Required action | Without the pictures, copy all of the data exactly.

Given material |
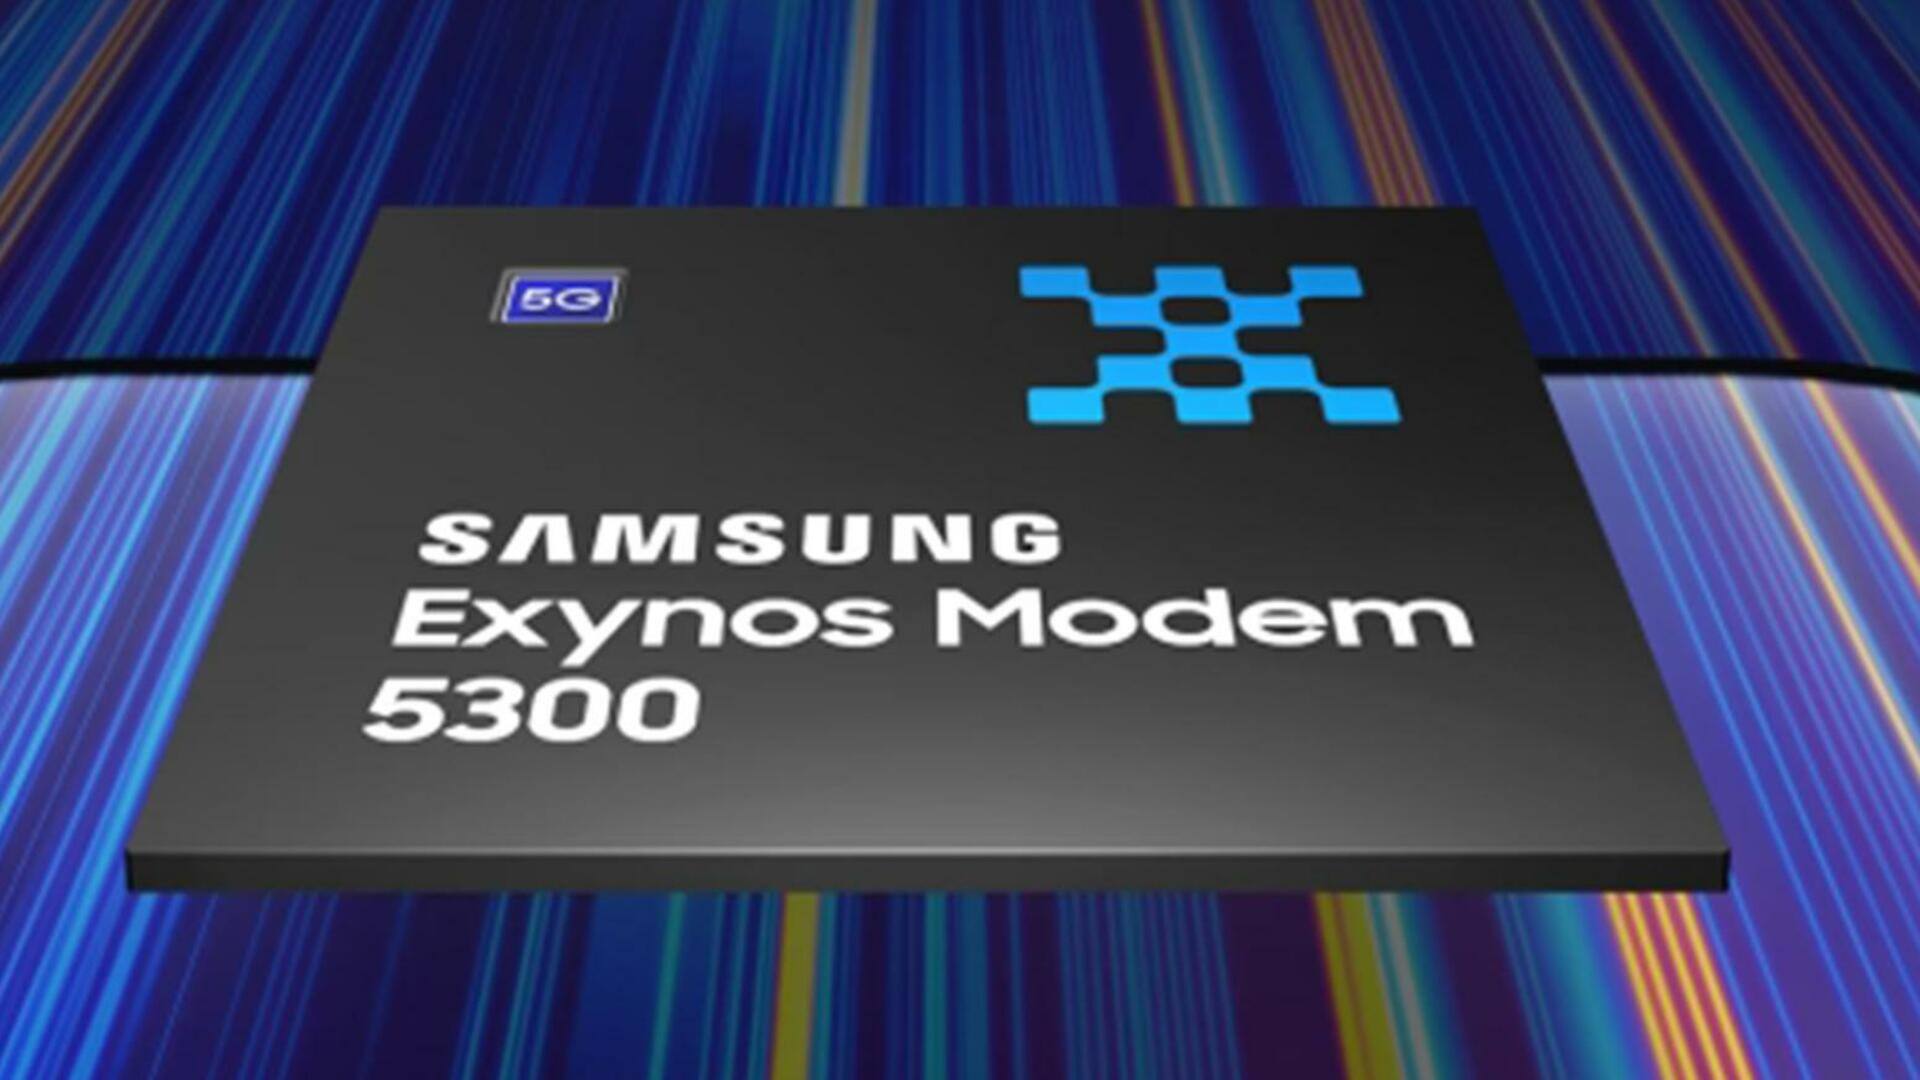 सैमसंग के एक्सिनोस मॉडेम 5300 में मिलेगी 10Gbps तक डाऊनलोड स्पीड की सुविधा
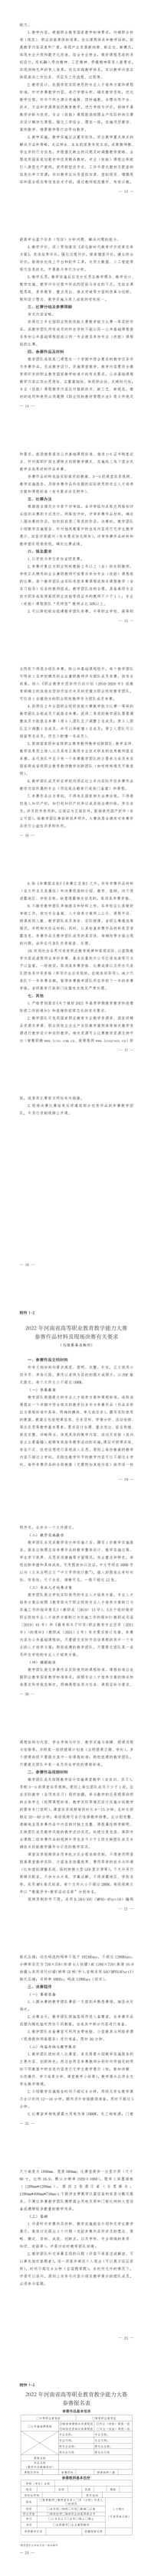 2022年河南省高等职业教育教学竞赛_01.png
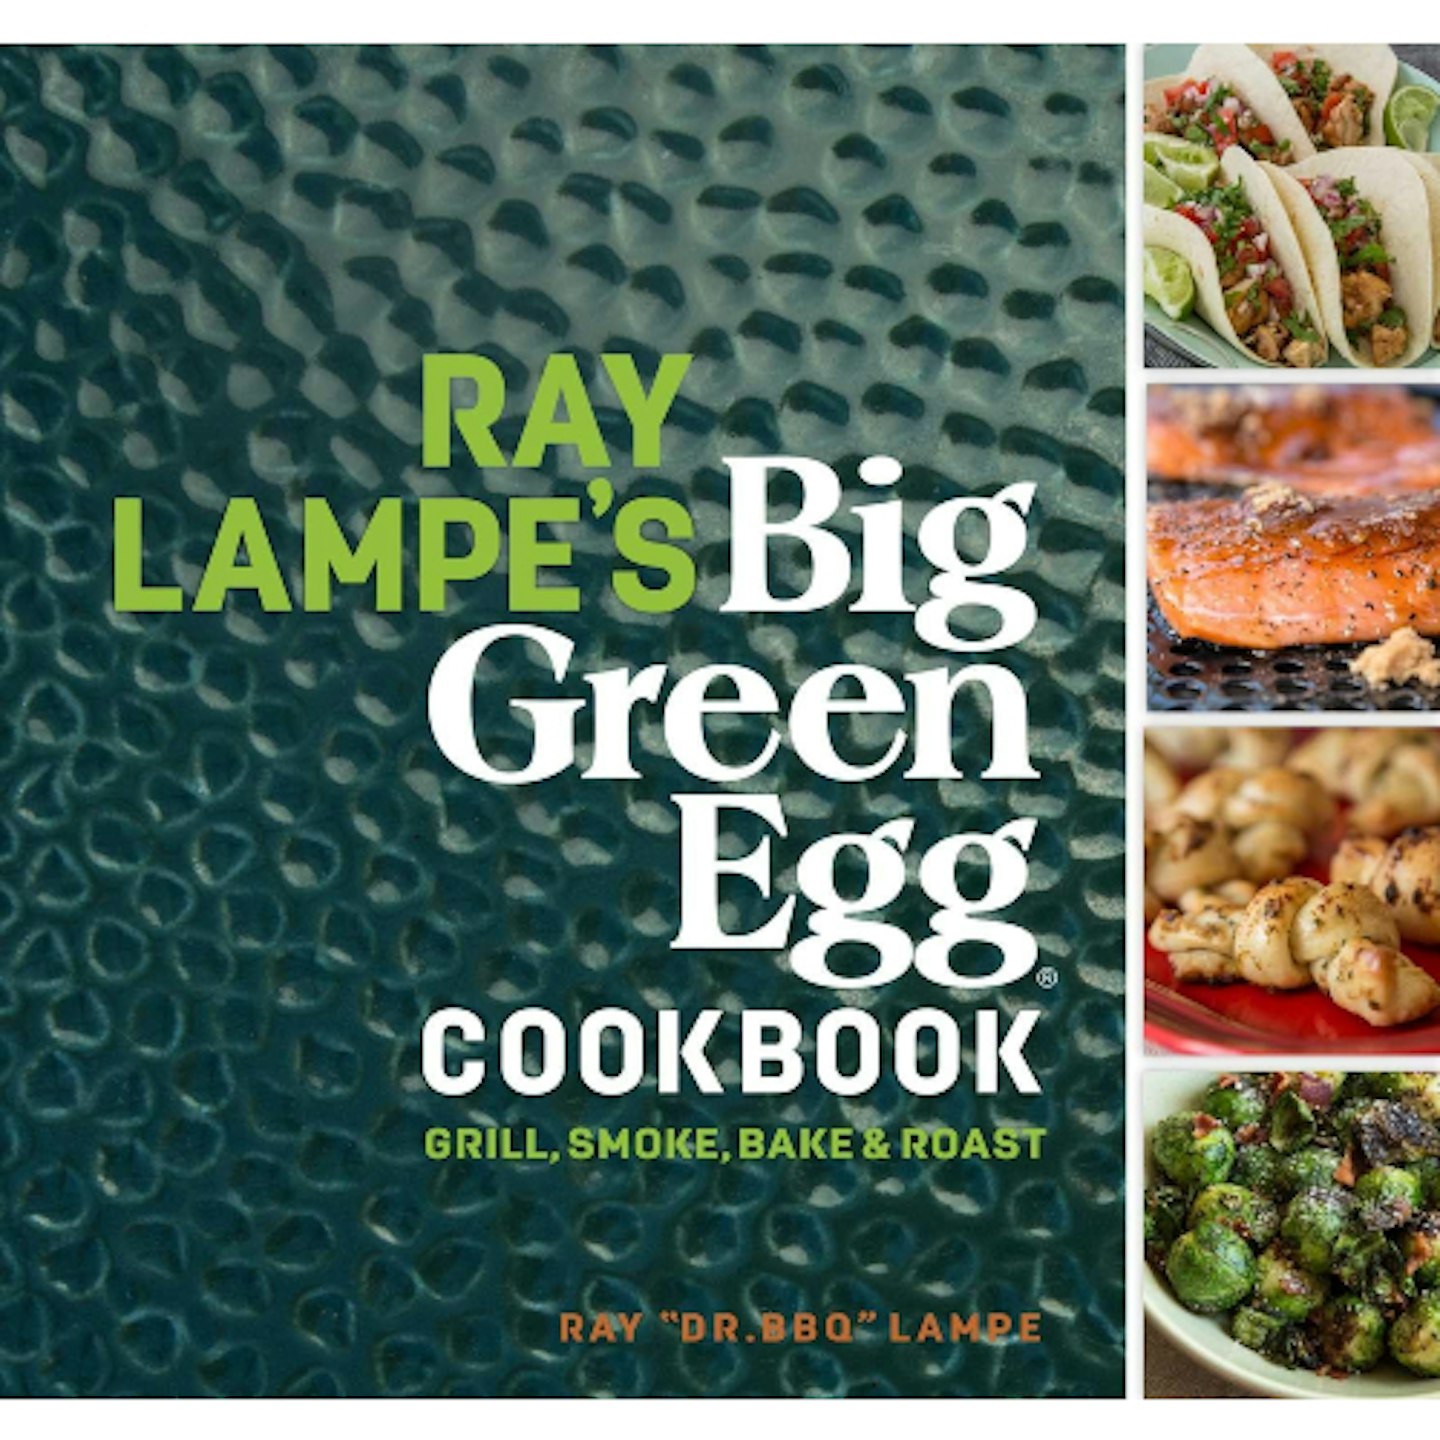 Big Green Egg cookbook

Task result |
 सैमसंग के एक्सिनोस मॉडेम 5300 में मिलेगी 10Gbps तक डाऊनलोड स्पीड की सुविधा
 2022年河南省高等职业教育教学竞赛_01.png
 Big Green Egg cookbook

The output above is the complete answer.